▸ YOUR GOAL
Write out only the lines from the line containing "Karter Jogger in Storm Grey by Anine Bing" to the end of the listing below, both included, exactly as they stand. Drop the pictures.

▸ SUPPLIED INFORMATION
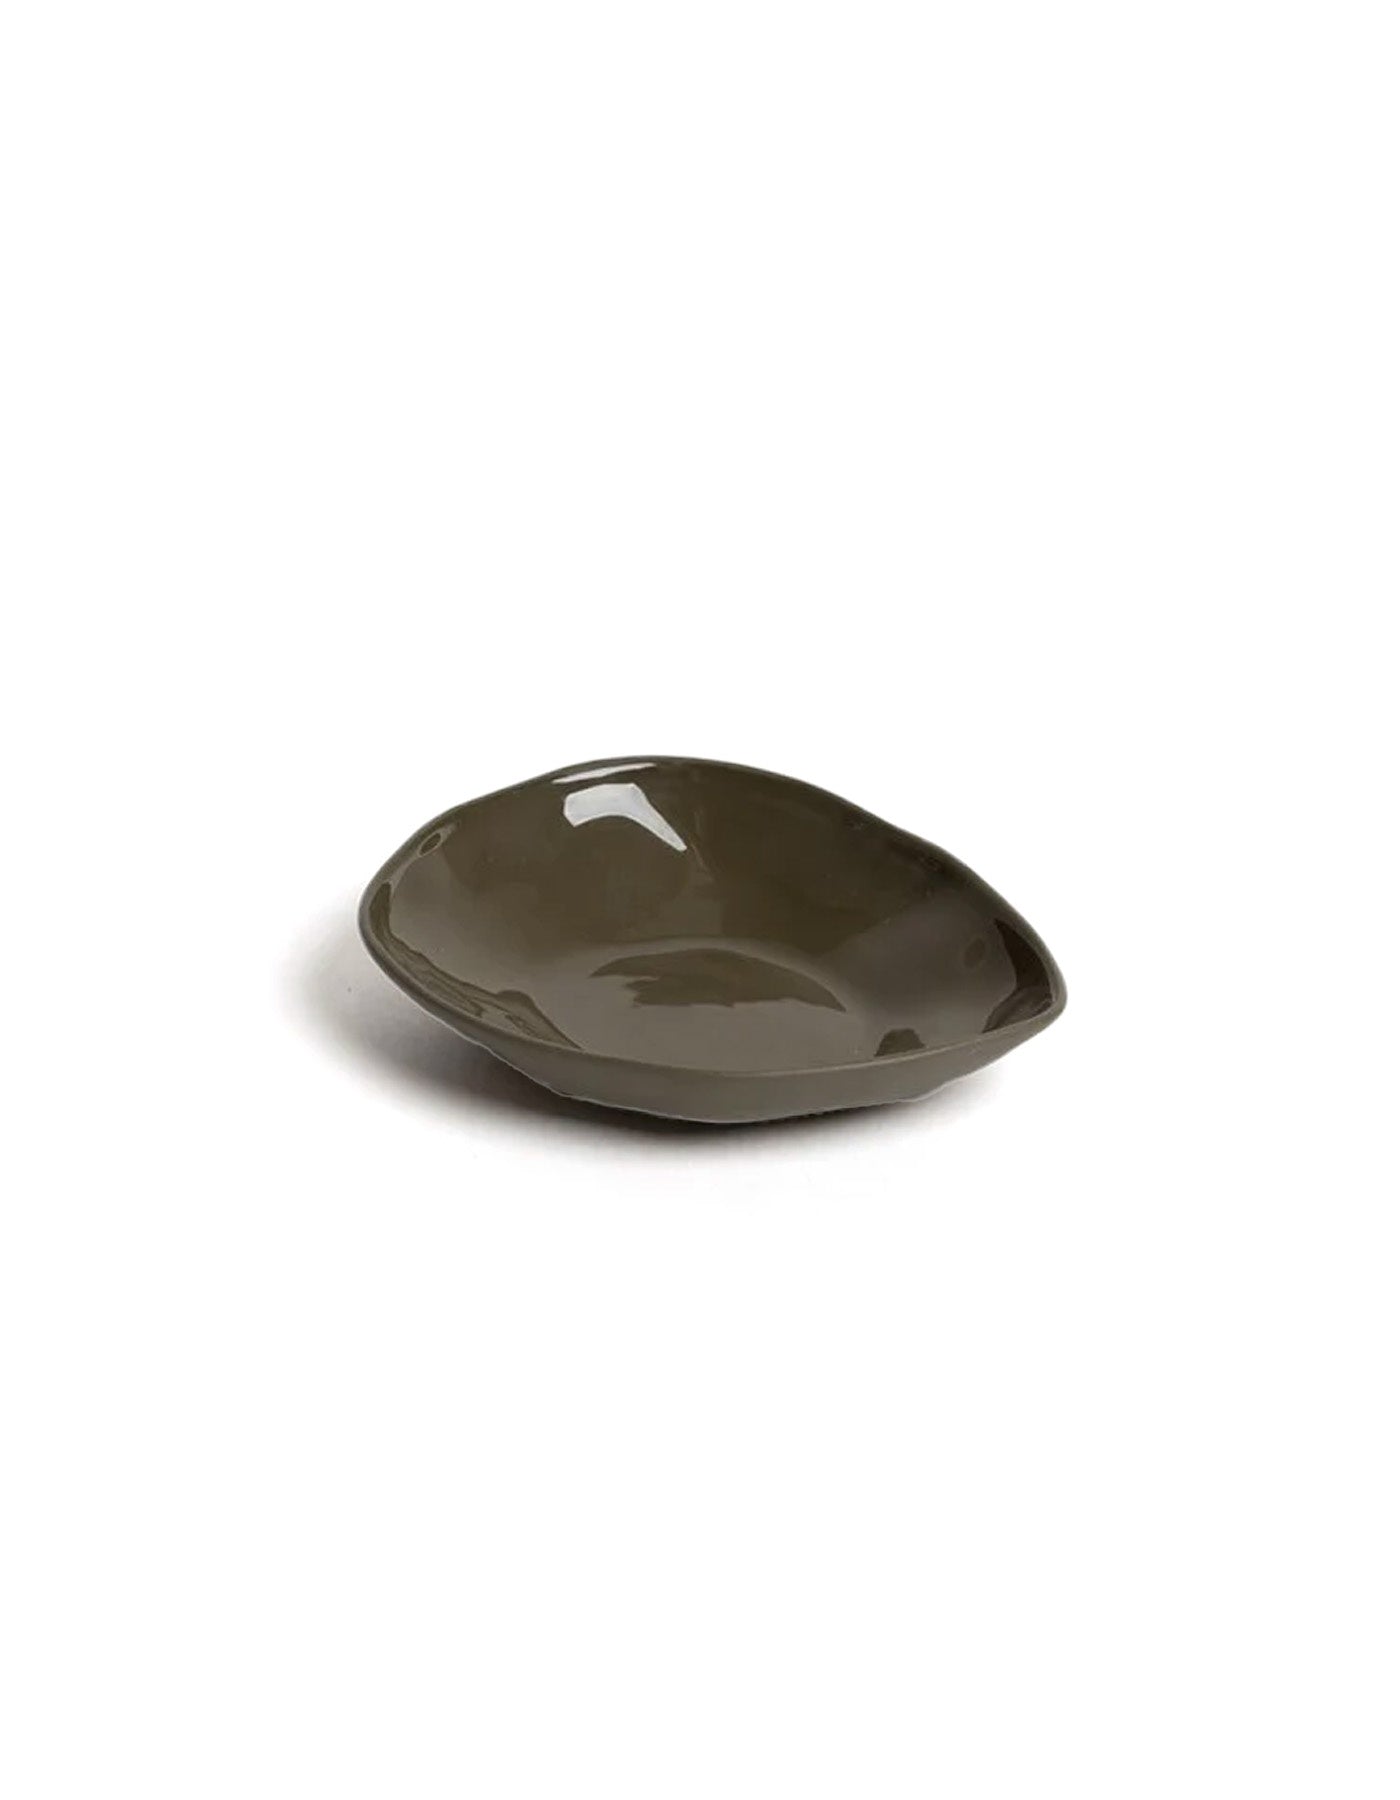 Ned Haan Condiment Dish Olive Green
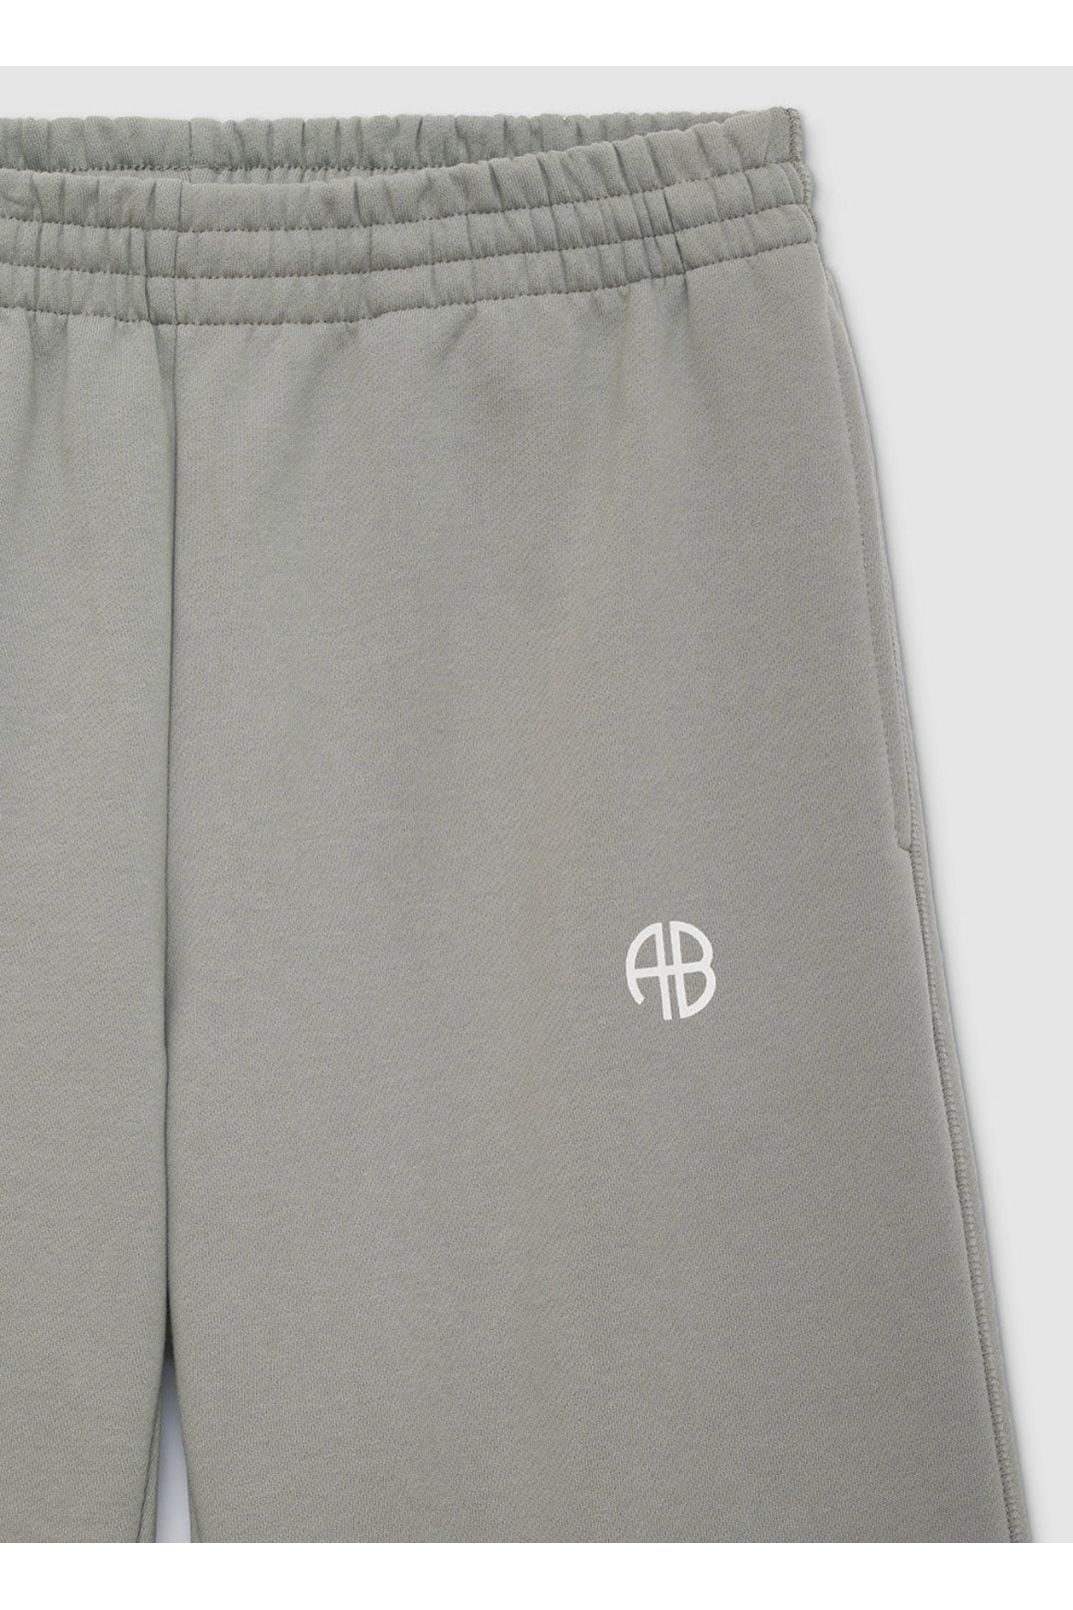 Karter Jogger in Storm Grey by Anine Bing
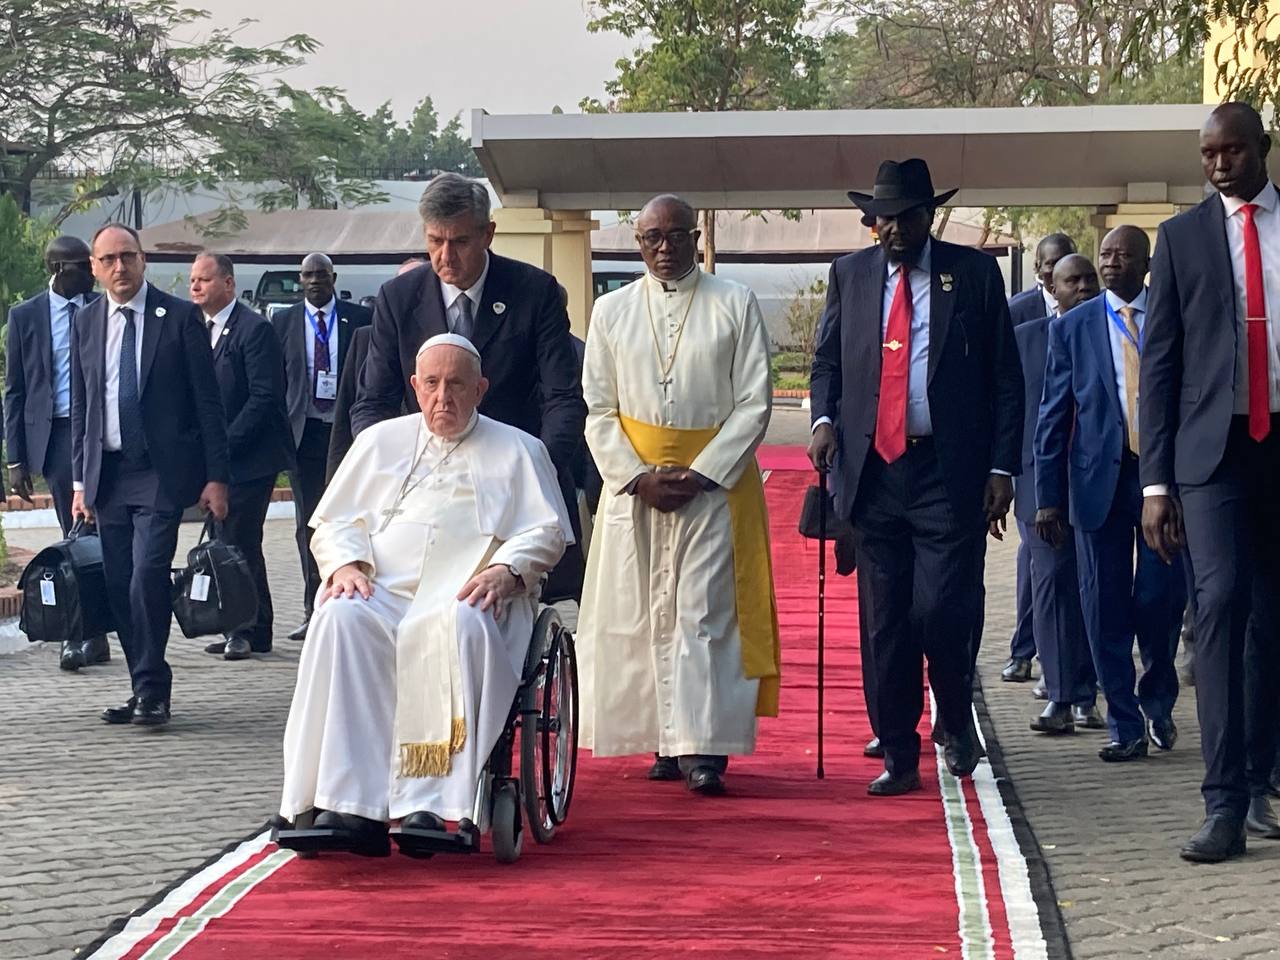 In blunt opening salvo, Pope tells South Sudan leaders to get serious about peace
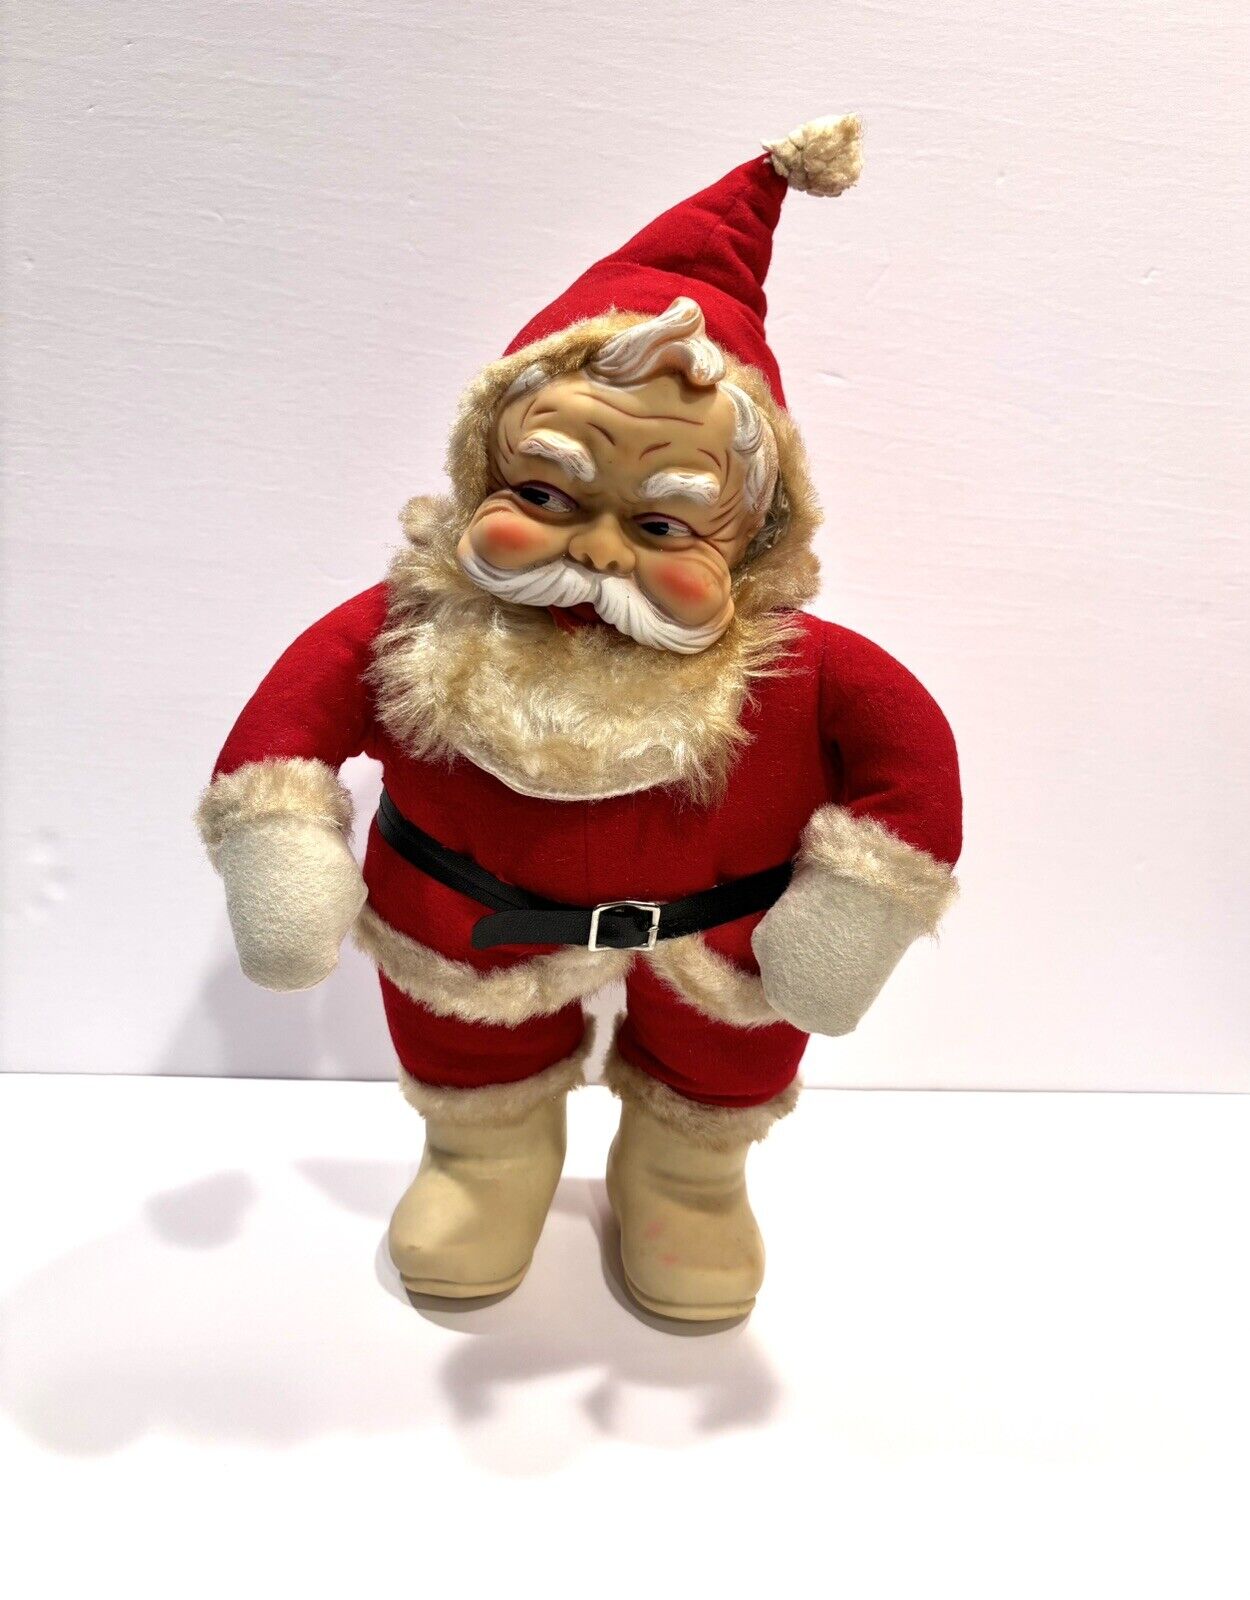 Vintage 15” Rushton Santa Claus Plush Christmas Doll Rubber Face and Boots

▸ RESPONSE TO THE TASK
 Karter Jogger in Storm Grey by Anine Bing
 In blunt opening salvo, Pope tells South Sudan leaders to get serious about peace
 Vintage 15” Rushton Santa Claus Plush Christmas Doll Rubber Face and Boots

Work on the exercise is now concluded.